The story is the thing
How AI helped me keep the most important part of Passover — when I had nothing left to give.
When lived in SF, a rabbi told me something I have never forgotten. If you do nothing else for Passover, she said, tell the story. Not the four questions. Not the proper seder plate arrangement. Not even the right foods in the right order. The story. Experience it as if you, too, had been a slave in Egypt — and now were free.
My daughter, Noa, is named after that rabbi.
This year, Noa invited a group of people over for the first night of Passover. And I wanted to show up with something that honored the tradition she is named into. The problem: between a startup in beta, an engineering consulting practice, and my husband deep in tenure review, I had approximately the energy of a person who had already crossed a desert.
The most I could manage was picking up a to-go order from Mamaleh's, our local Jewish deli. But where was the story?
So I turned to AI. Not to replace the ritual. Not to outsource the meaning. But to make the meaning possible — to be the production assistant I didn't have, for the creative project I still wanted to do.
What I actually built
I used Gemini to create a complete illustrated version of the story of Exodus in a visual language I developed specifically for the table: bold primary colors, flat geometric cities, silhouetted animals, and big punchy captions written at a reading level that would let every kid at the table participate.

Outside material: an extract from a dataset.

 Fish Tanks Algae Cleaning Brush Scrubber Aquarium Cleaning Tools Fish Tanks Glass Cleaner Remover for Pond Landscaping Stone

The ten plagues. The parting of the sea. The bitterness of slavery. The sweetness of freedom. All of it, told visually, page by page — designed to be passed around a table and read together, the way the tradition has always meant it to be.

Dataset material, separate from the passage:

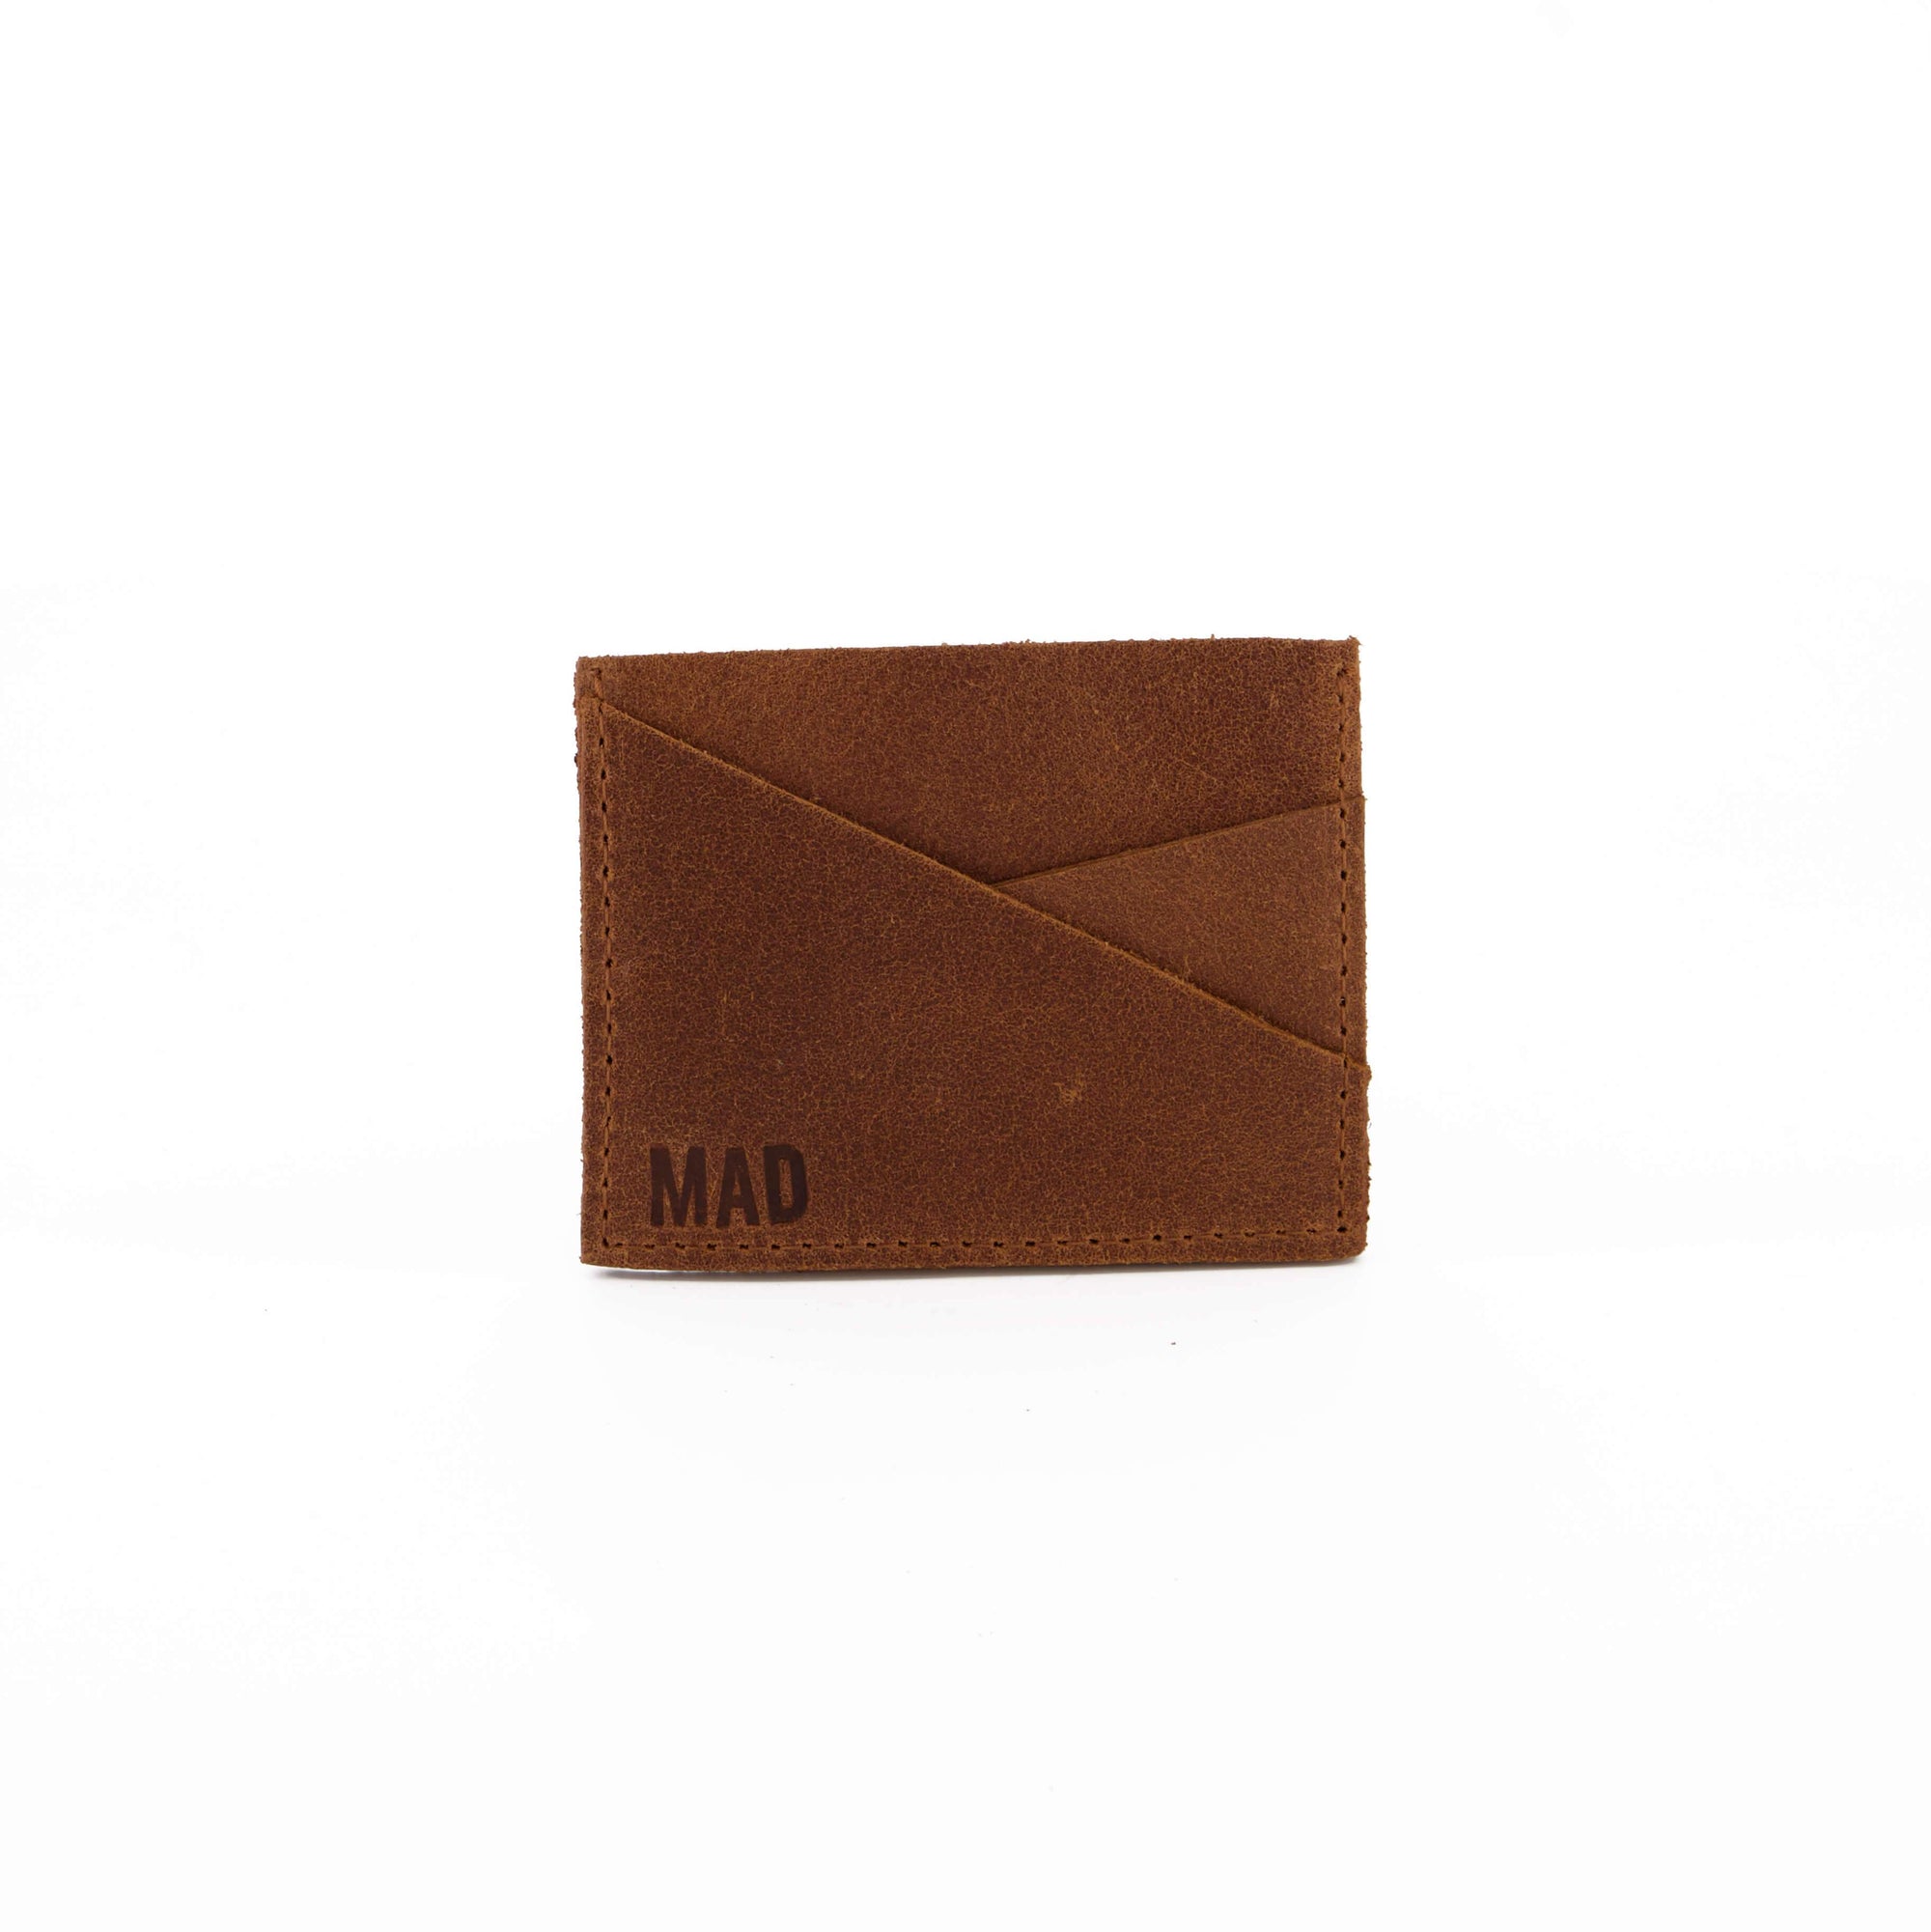 personalized leather wallet, card holder,

This is not about AI being amazing
I want to be careful here, because it would be easy to write a post about how impressive the technology is. That is not the post I want to write.
What AI enables for me to be present as the parent and person I want to be. And the AI output is shaped by my own thoughts and values.
AI will not make the seder meaningful. The people at the table will. AI made it possible for me to show up as the person I want to be — even when I am running on empty.
That is the distinction I keep coming back to in my work at Hold My Juice: the difference between AI that replaces human presence, and AI that creates space for it.
What AI can do for family ritual
There is a version of this story where I feel guilty — where using AI to create something for a sacred occasion feels like cheating, or like a shortcut that cheapens the thing. I don't feel that way. And I've been thinking about why.
Family rituals are not preserved by perfection. They're preserved by showing up. The parents who hand-wrote haggadahs in the 1940s were using the best production tools they had. The families who bought Maxwell House haggadahs by the millions were making a practical choice in service of a sacred one. What matters is that someone set the table. Someone lit the candles. Someone said: tonight, we tell the story.
This year, AI will help me be that someone. Not by doing the meaningful part — but by handling the production so I could.
A note to other parents in the thick of it
If you are in a season where your capacity is maxed — where the tenure review and the startup and the school pickups and the consulting work have left very little of you for the things that matter most — I want to say this directly: the tools exist now to help you show up anyway.
Not perfectly. Not the way you imagined. But enough. The story is the thing. And the story can still get told.